Aurora senior project leader Hugo Batten said there are two main drivers for the success of these peaking plants. “The first is that system just needs capacity which is competitive at load factors below 15 to 20 per cent.”

“The second is that we think some market participants are betting there’ll still be scarcity in the system and there’ll be some non-delivery on previous capacity market contracts, which means we’ll still see these very high price peaks that we’ve seen over the last few winters.” He said the peaking plants – as their name suggests – will be well placed to take advantage of future price spikes.

Their success in recent auctions came despite Ofgem’s ongoing review into embedded benefits, which is expected to result in a significant reduction to or removal of the triad avoidance payments available to distributed generation.
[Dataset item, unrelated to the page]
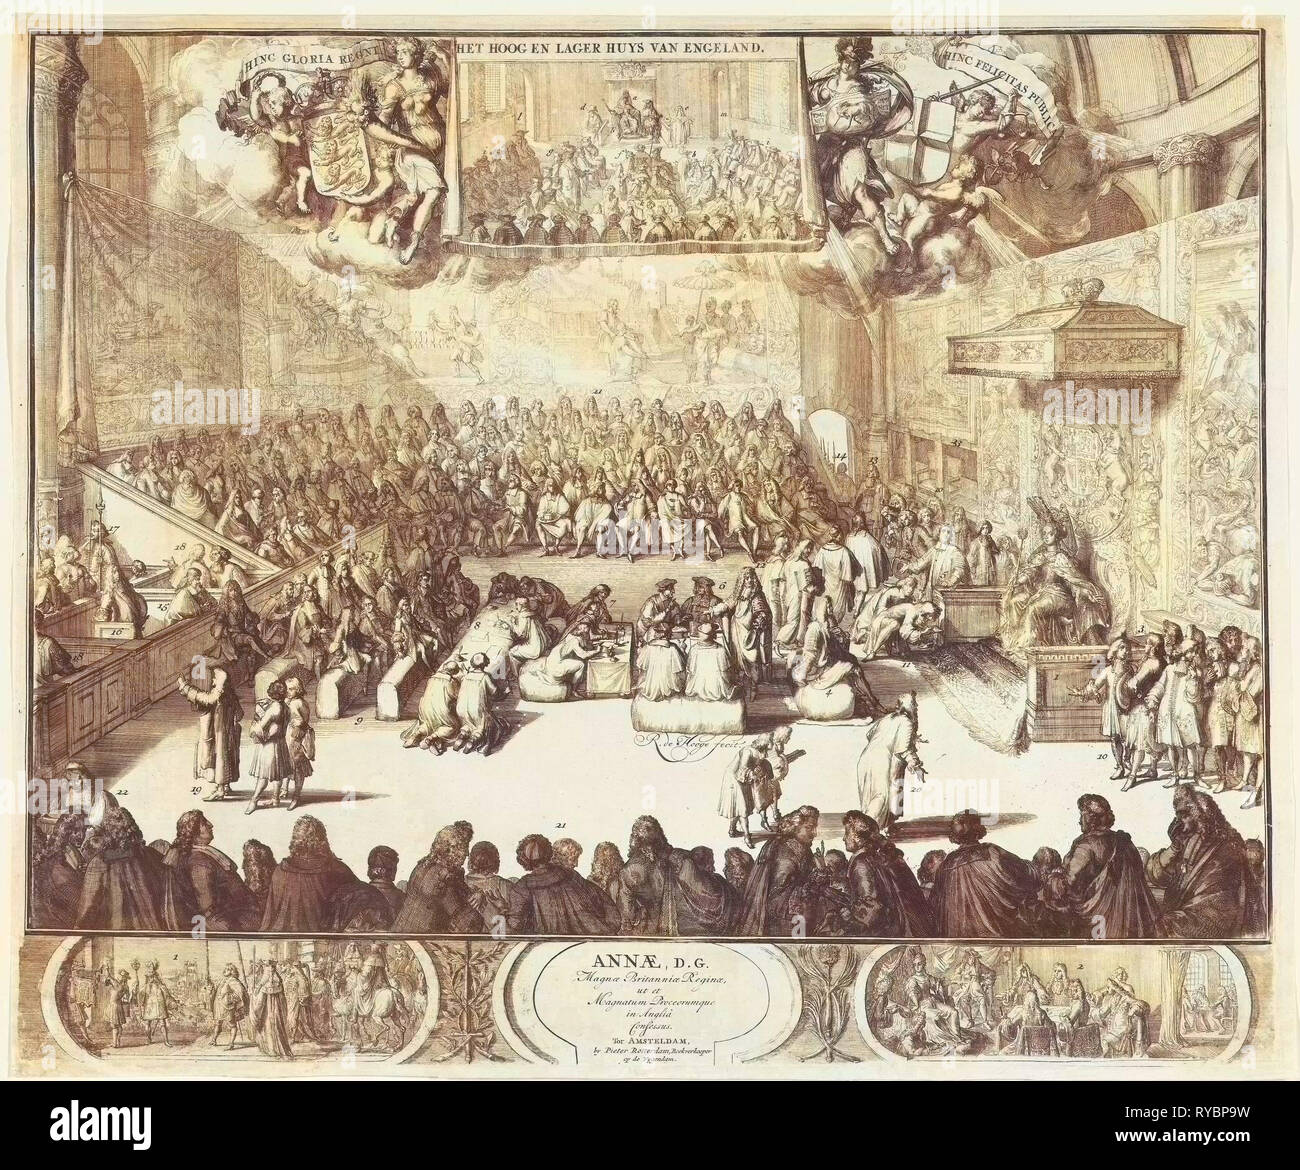 Session de la Chambre des communes avec la reine Anne sur le trône en 1702, Romeyn de Hooghe, 1702 Banque D'Images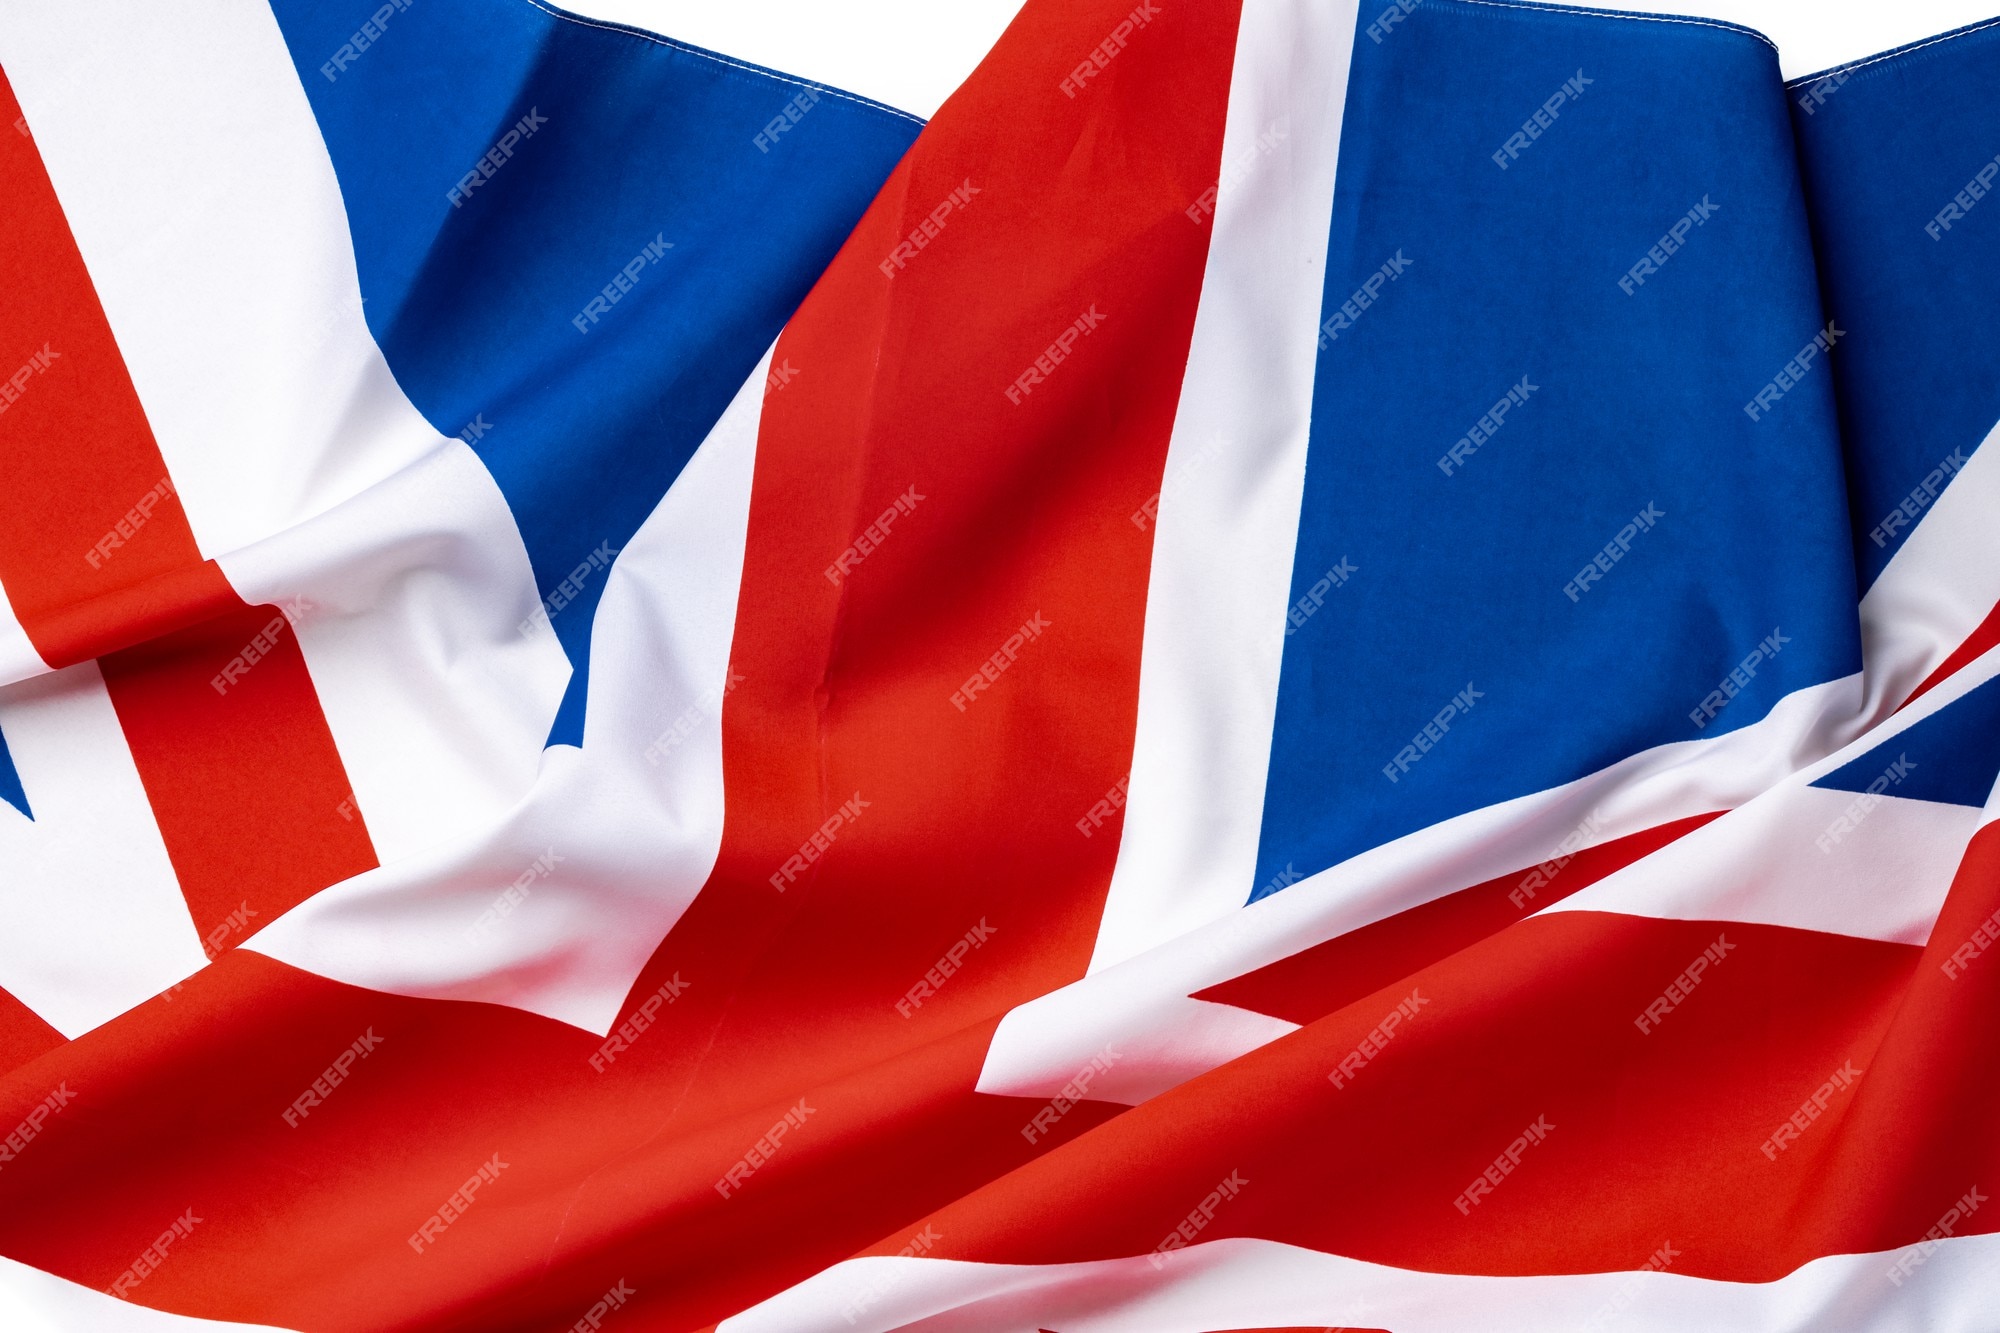 Cờ Liên hiệp Anh đại diện cho một trong những nước có lịch sử lâu đời và văn hóa phát triển nhất thế giới. Màu đỏ, xanh và trắng của nó tối giản nhưng đầy ý nghĩa. Hãy chiêm ngưỡng hình ảnh này để khám phá thêm về vẻ đẹp của cờ Liên hiệp Anh.

The regulator launched the review in January last year because of fears that the traid avoidance payments give an unfair advantage to distributed generation. Consultancy firm Cornwall has warned that removing them will force many developers to abandon their projects, leaving a shortfall in capacity.

“We’ve talked to a number of players in the market and there’s differing views on the extent the embedded benefits changes will hurt the business cases of peakers,” said Chow. “Aurora are relatively bullish on recips [reciprocating engines] and so we think, despite regulatory reform, they are still going to win in future capacity market auctions.”

He noted that the government has already tried to “tweak the auction parameters” to encourage the development of fuel-efficient combined-cycle gas turbines (CCGT) by increasing the procurement target and shifting delivery from the T-1 to T-4 auctions. However, only one new CCGT secured an agreement in the latest T-4 auction. “We’re seeing that despite the policy changes there’s little system need for this type of technology and investors are responding to it.”

Even if the government enacts a raft of potential policy changes to incentivise new CCGTs – increasing the procurement target further; removing the triad avoidance payments; ending the exemption of small scale generation from the EU emissions trading system; and changing the reliability standards for batteries – Aurora expects 11GW of new peaking plants, batteries and demand-side response to enter the auctions over the next decade. By comparison they expect just 5GW of new CCGTs to bid for contracts starting between 2021 and 2030.